§ About this task: Make an exact copy of the lines from the one containing "Panama Berry : hamac chaise Basique" through the end of the material, including both ends but no pictures.

§ Data extract:
━━━━━━━━━━
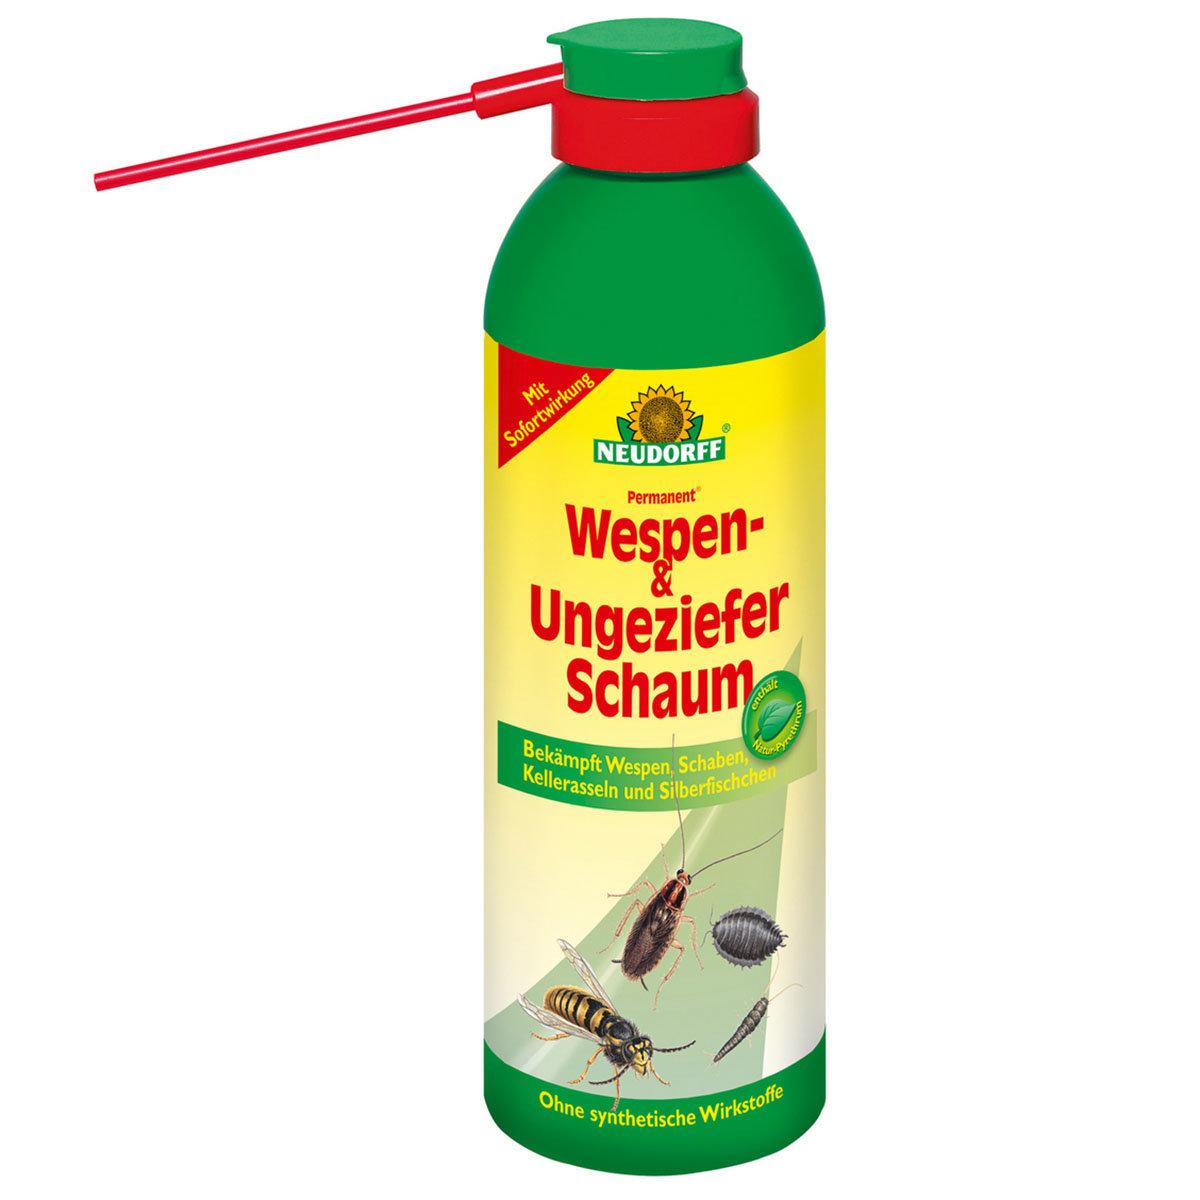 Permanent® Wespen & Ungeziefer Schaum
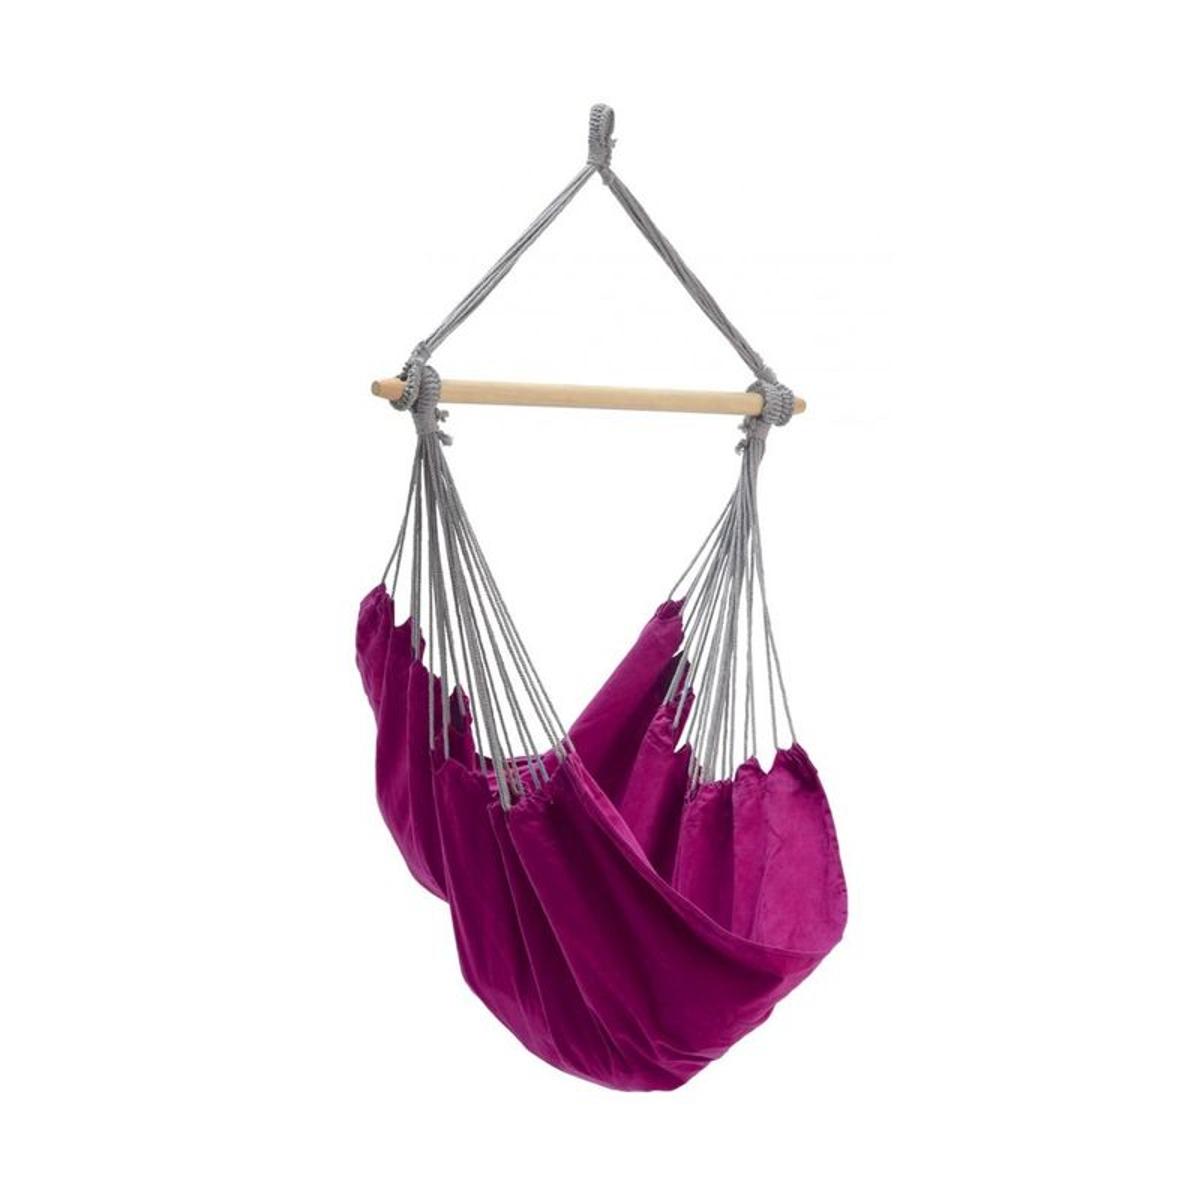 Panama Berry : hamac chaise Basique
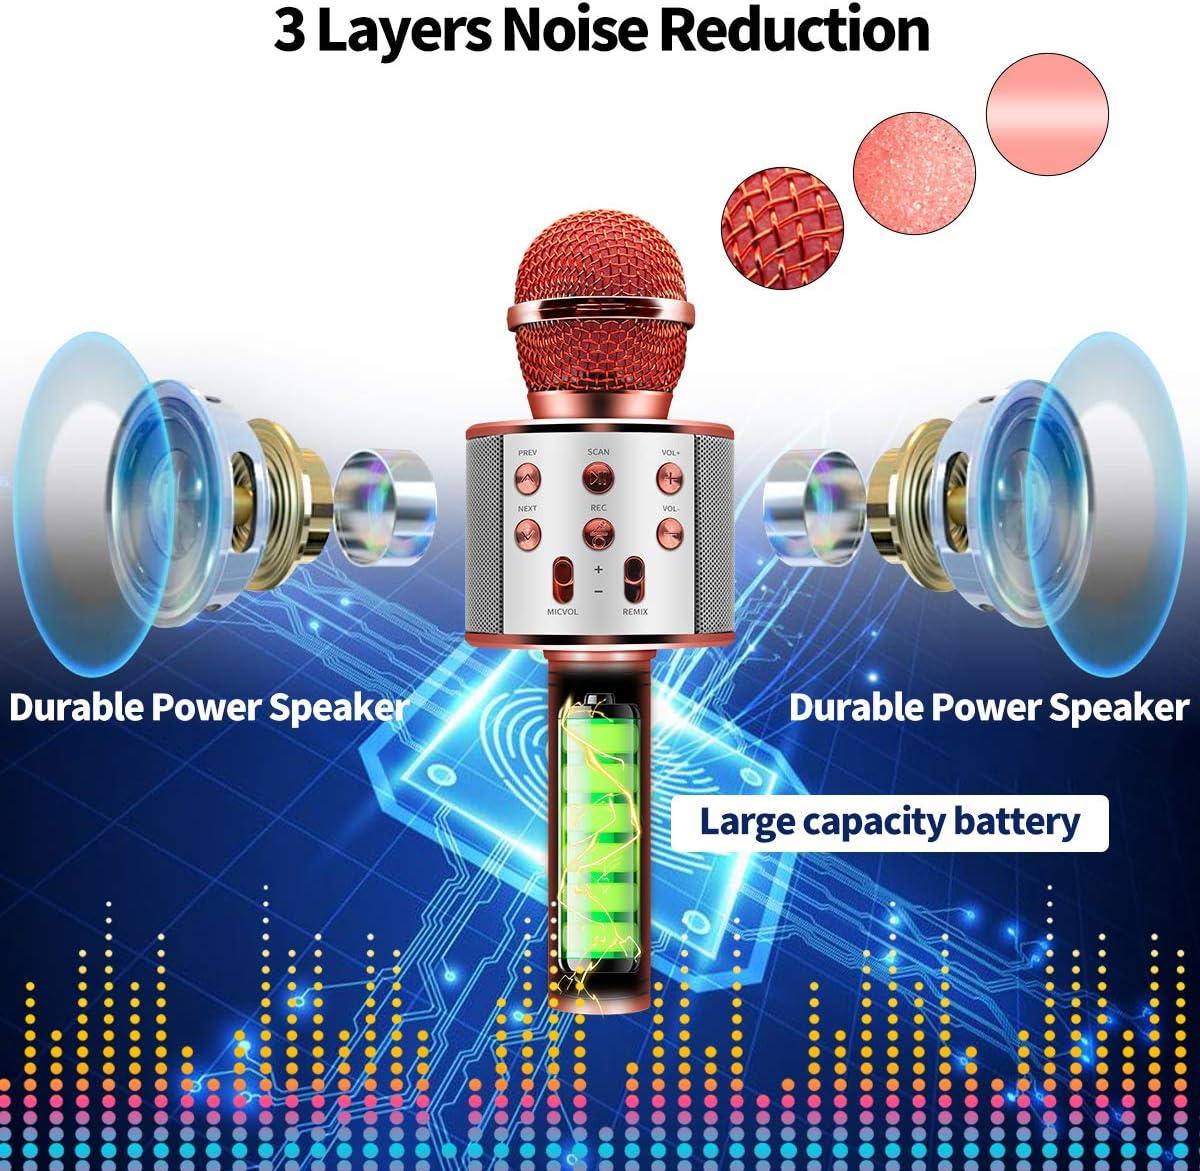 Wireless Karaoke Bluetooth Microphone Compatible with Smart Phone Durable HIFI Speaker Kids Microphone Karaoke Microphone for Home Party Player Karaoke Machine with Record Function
━━━━━━━━━━
§ Solved problem:
 Panama Berry : hamac chaise Basique
 Wireless Karaoke Bluetooth Microphone Compatible with Smart Phone Durable HIFI Speaker Kids Microphone Karaoke Microphone for Home Party Player Karaoke Machine with Record Function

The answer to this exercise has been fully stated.